Avoceta is Spanish for avocet. Yeoward Brothers had a previous ship called Avocet that was built in 1885 and sunk by U-50 in 1917.[4]
Building
In the early 1920s the Caledon Shipbuilding & Engineering Company of Dundee built two sister ships for Yeoward Brothers, completing Alondra in April 1922[5] and Avoceta in January 1923.[6] The pair were similar to Aguila that Caledon had built for Yeoward in 1917, having the same size boilers and engine, the same beam and being only 3.7 feet (1.1 m) longer.[2]

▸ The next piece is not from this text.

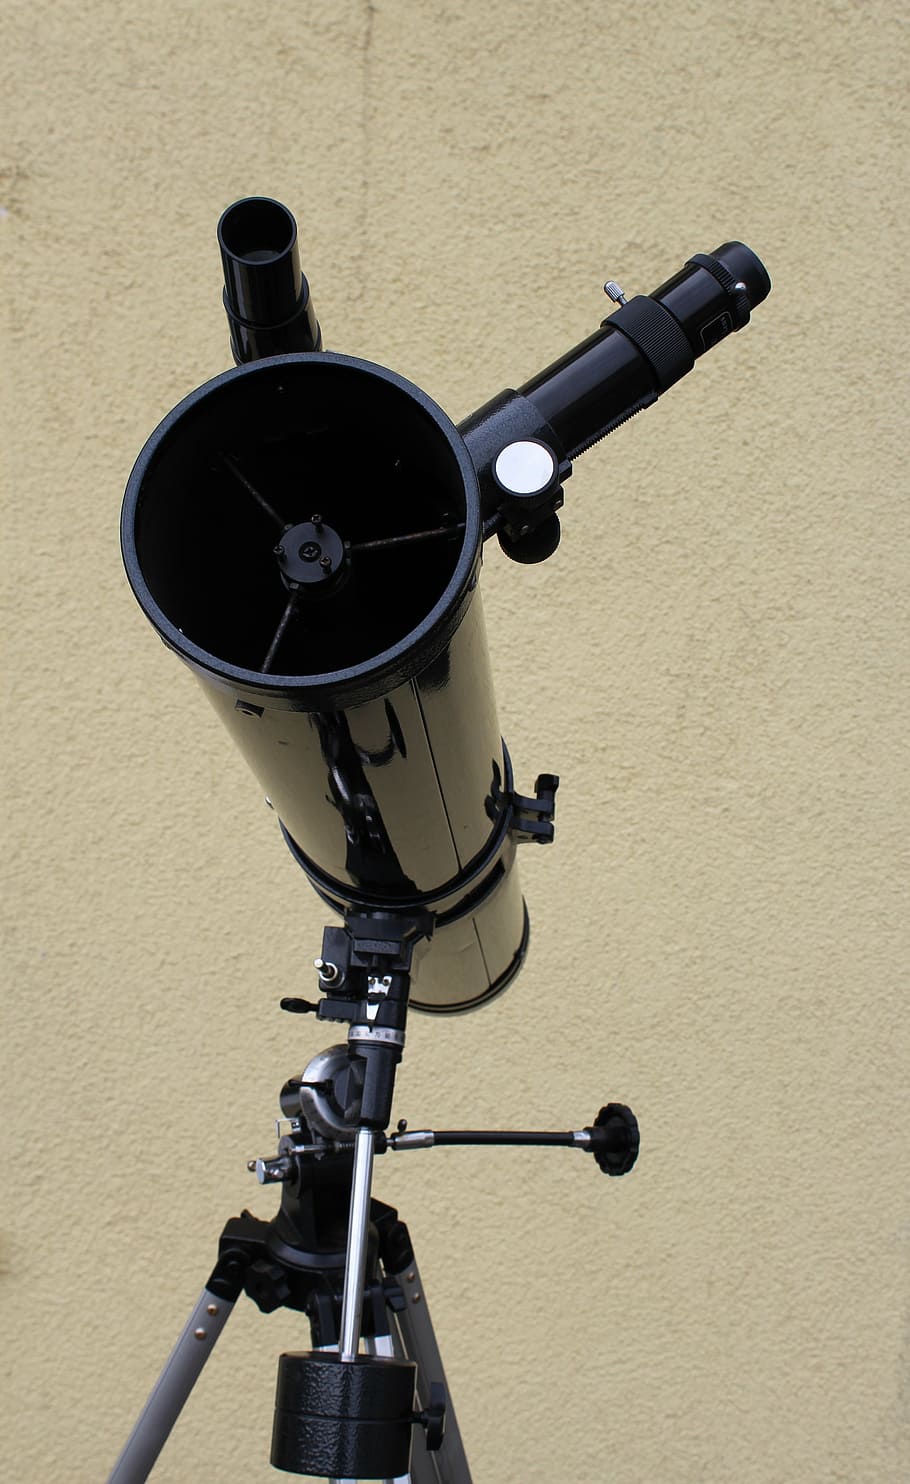 telescope, view, optics, binoculars, distant, watch, distant view, viewpoint, vision, sky

Avoceta had nine corrugated furnaces with a combined grate area of 189 square feet (18 m2) that heated three single-ended boilers with a combined heating surface of 7,054 square feet (655 m2). These fed steam at 180 lbf/in2 to a three-cylinder triple expansion steam engine that was rated at 395 NHP[2] and drove a single screw.
War service
In the Second World War Avoceta continued Yeoward Brothers' service to neutral Portugal, Spain and the Canary Islands. She made nine trips to Las Palmas, six of which also included a call at Tenerife. Others were to one or another mainland port: one to Almeria, two to Valencia and 11 to Lisbon. Her final visit to the Canaries was in March 1941; thereafter she served only Lisbon and Gibraltar.[7]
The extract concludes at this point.